Castañeda didn’t like to be called Tony, and he was sure she knew it. He sat looking at her, thinking that he’d like to fuck her; that she was very lucky he needed her help. Because under normal circumstances, a CIA operative as pretty as this one would have looked very good to him down on all fours with a leash around her neck.
“Chechenos,” he said. “The bombs were smuggled into Mexico by stinking, lying Chechen dogs.”
14
General William Couture stalked into a heavily guarded conference room at the Pentagon dressed in his starched universal camouflage ACU, flanked by his aide-de-camp, an equally towering army major who looked as though he’d been chiseled from a block of granite and who wore a .45 caliber Glock 21 pistol slung beneath each arm. Rumor had it that he carried two weapons so he could toss one to the general in the event there was ever a need to defend themselves. Couture stood at the head of a long mahogany table lined with generals and admirals from all branches of the United States military. All seven of the Joint Chiefs were present, as were several other uniformed service chiefs.

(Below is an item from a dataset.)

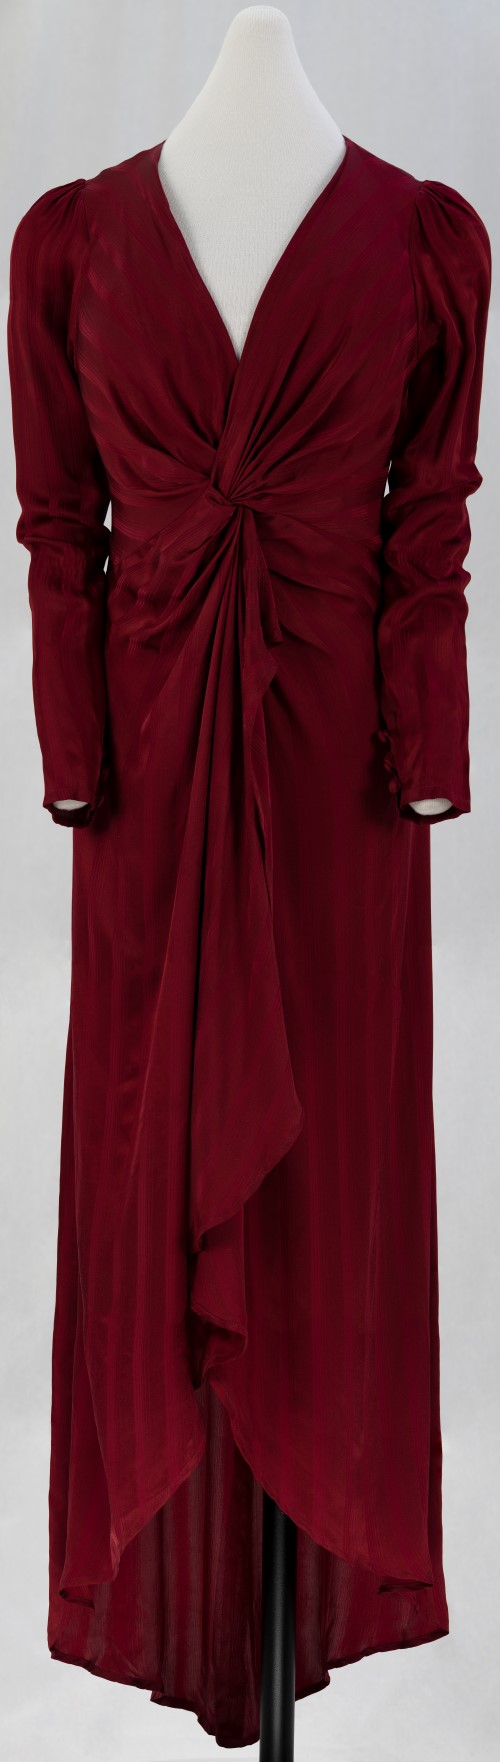 Carol MacGregor's Inaugural Dress: Front

Couture’s expression was stern, his merciless gaze set firmly.
“Gentlemen,” he said in a sonorous voice, “the secretary of defense has ordered us to Fast Pace.” This was the code phrase for DEFCON 2. “The president is aboard Air Force One, and the vice president has already been taken to a hardened location belowground. In addition, the United States Congress is being evacuated from the District of Columbia as we speak. Each member of Congress will return to his or her home state, where they will remain until we are back to at least DEFCON 4.” DEFCON 5, code named Fade Out, was the most relaxed of the defense conditions.